══ Data excerpt

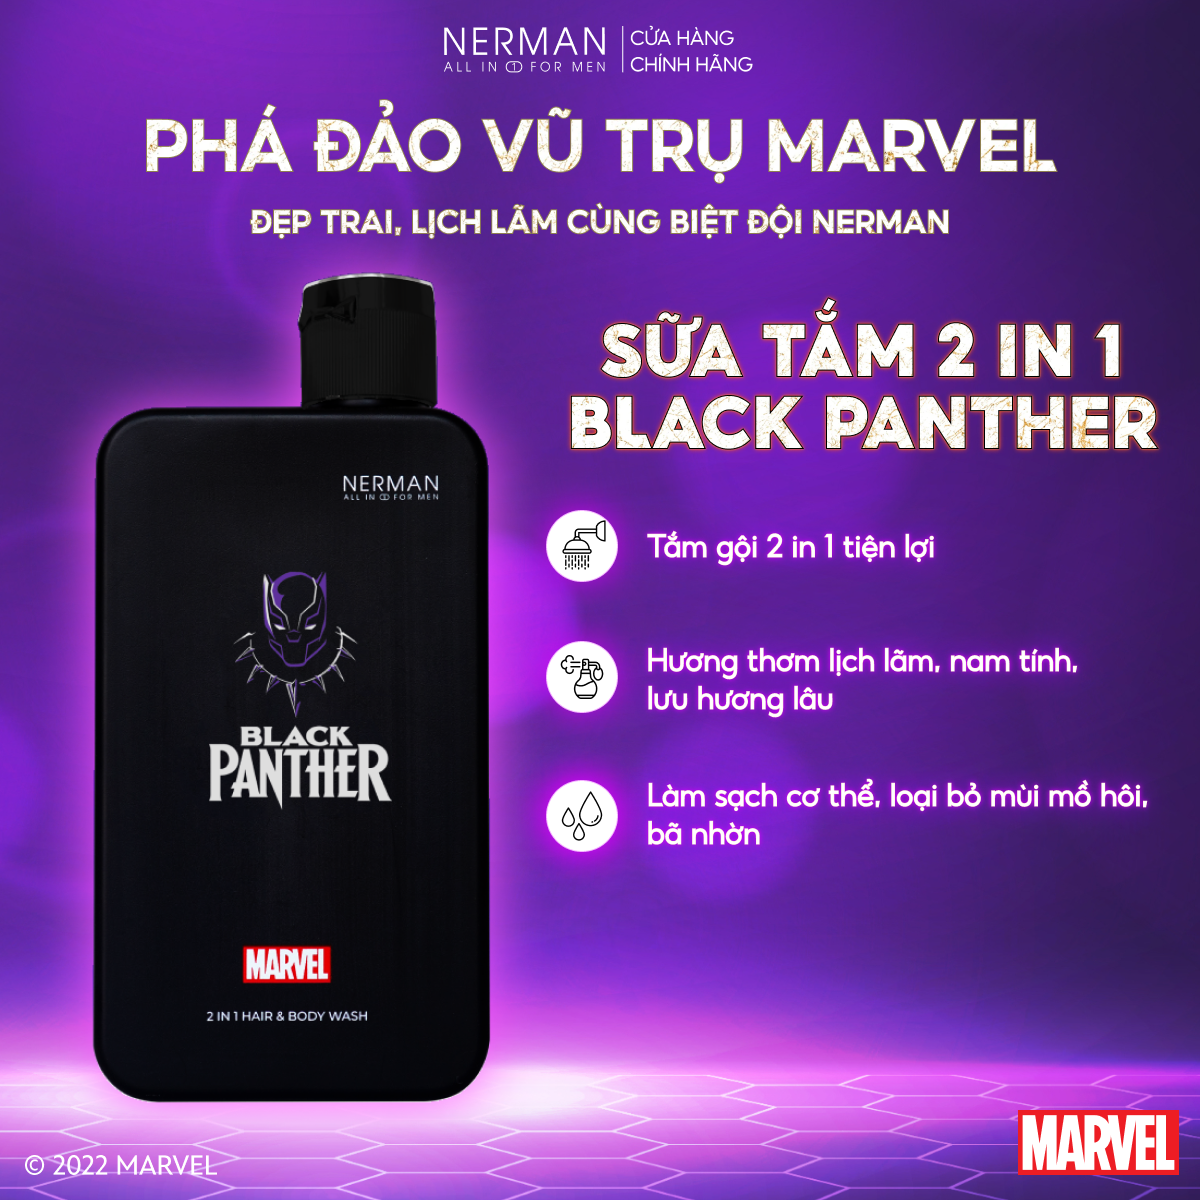 Sữa tắm gội 2 in 1 Black Panther Marvel Collection Nerman hương nước hoa cao cấp 350g
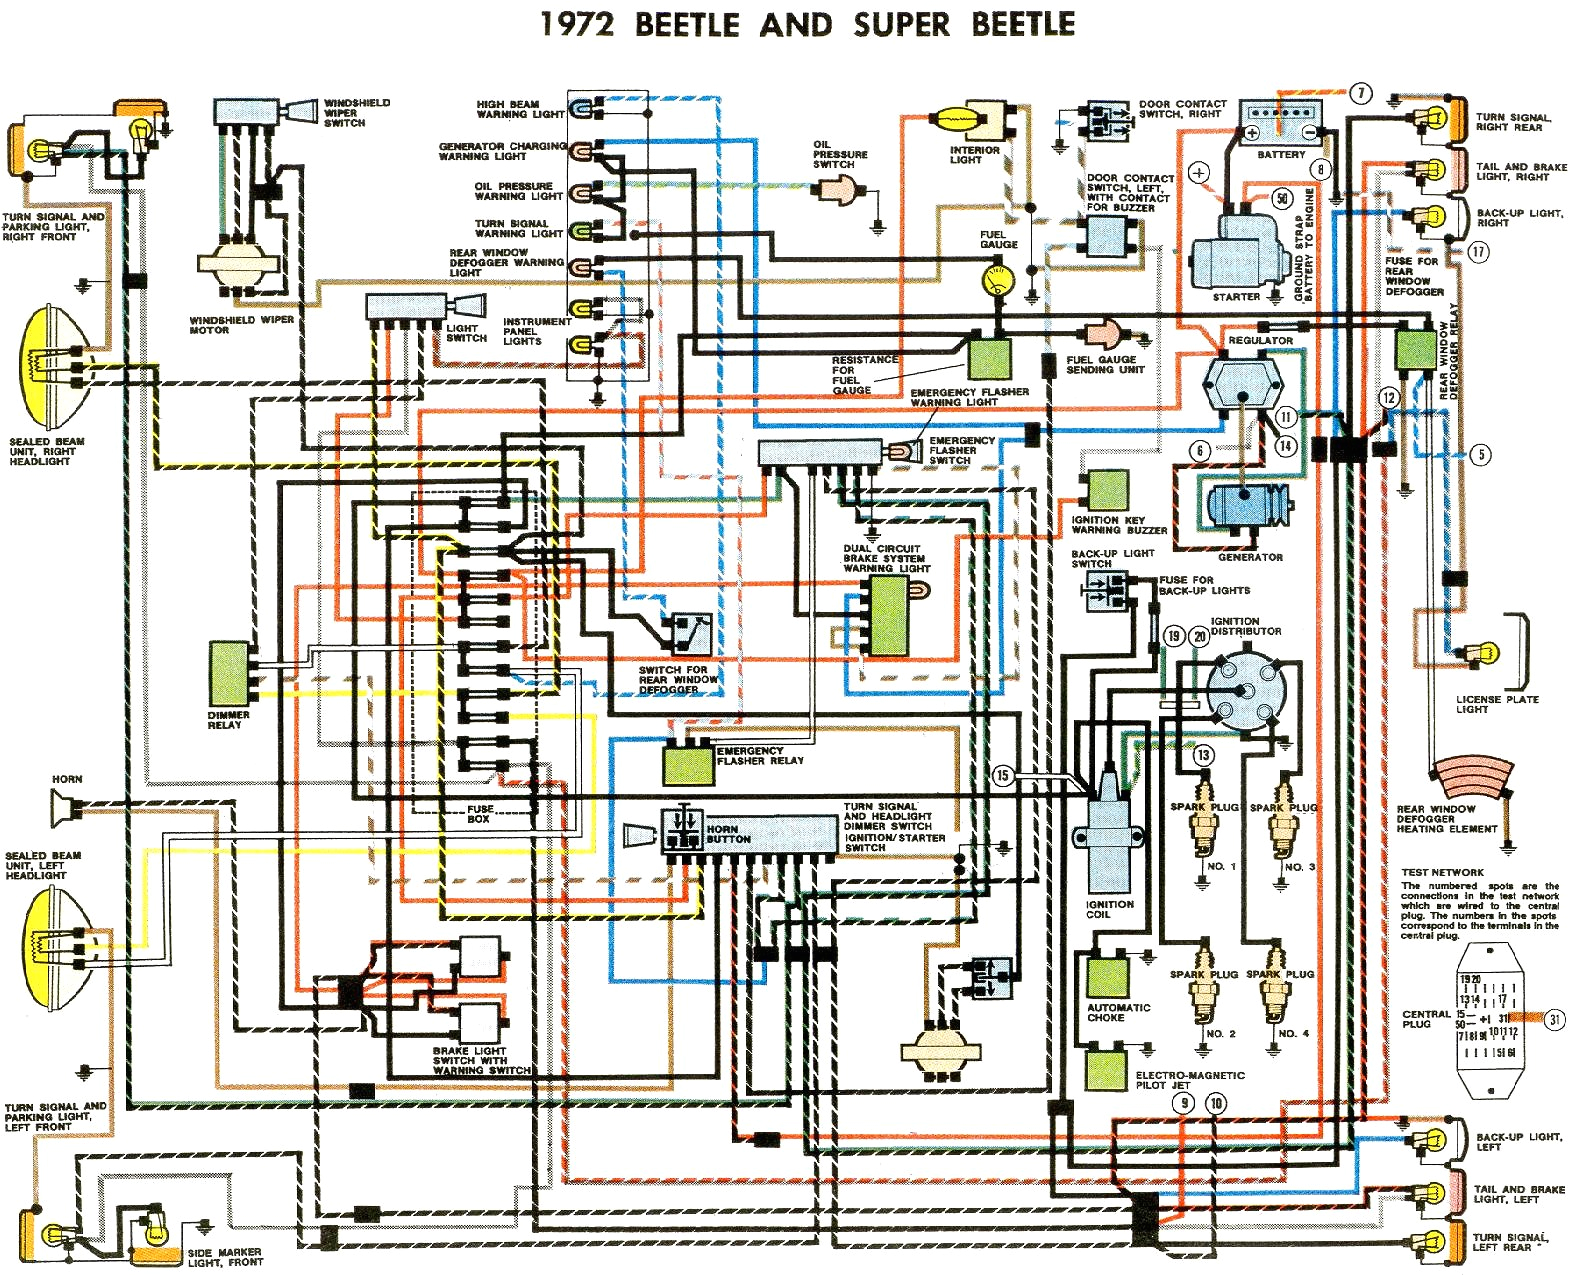 1972 beetle wiring diagram
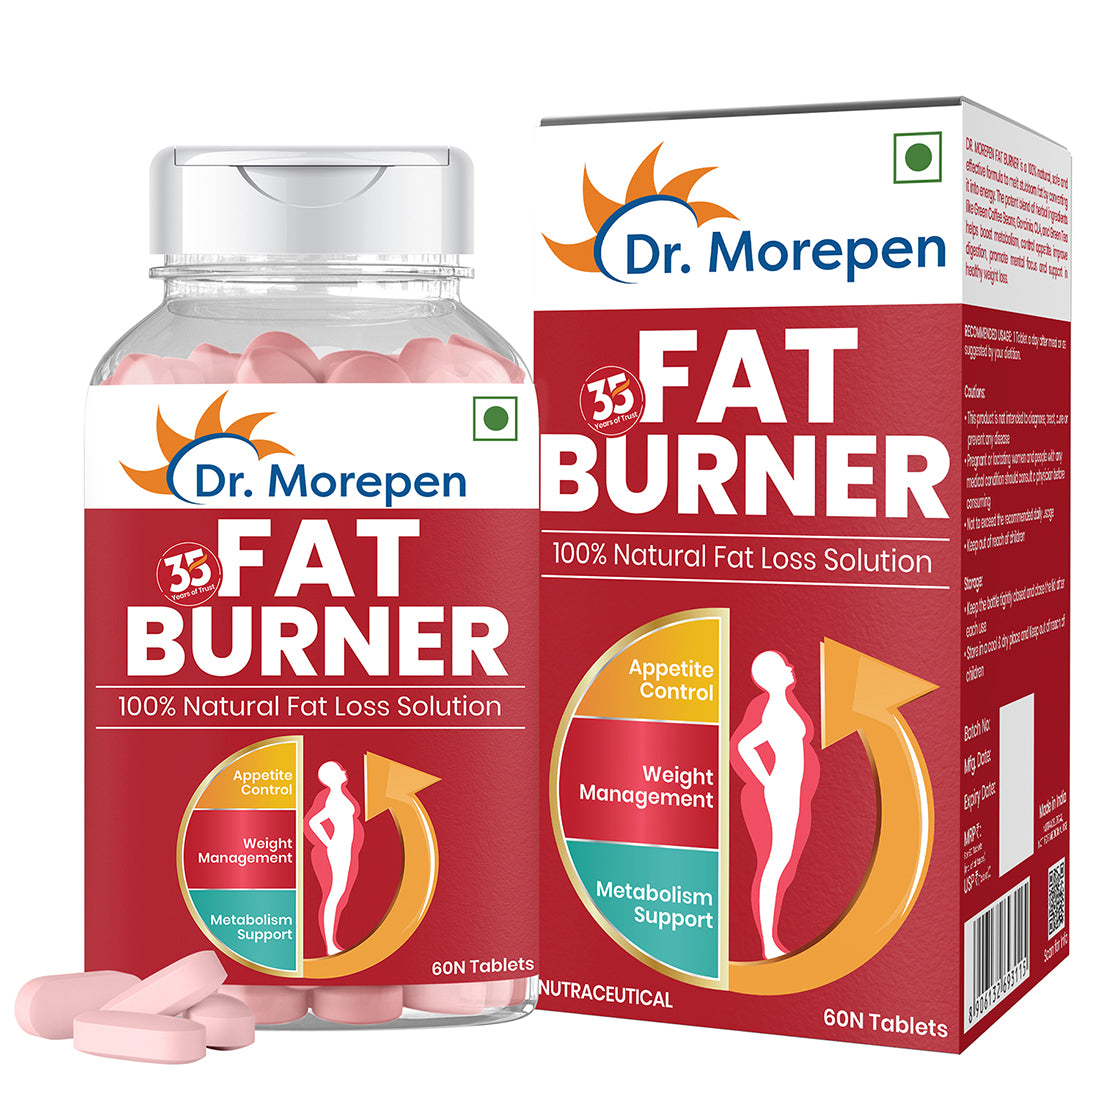 Dr. Morepen Fat Burner Tablets - Distacart

════

What is needed
Hand back the data above exactly, with no images.

Your response
 Sữa tắm gội 2 in 1 Black Panther Marvel Collection Nerman hương nước hoa cao cấp 350g
 1972 beetle wiring diagram
 Dr. Morepen Fat Burner Tablets - Distacart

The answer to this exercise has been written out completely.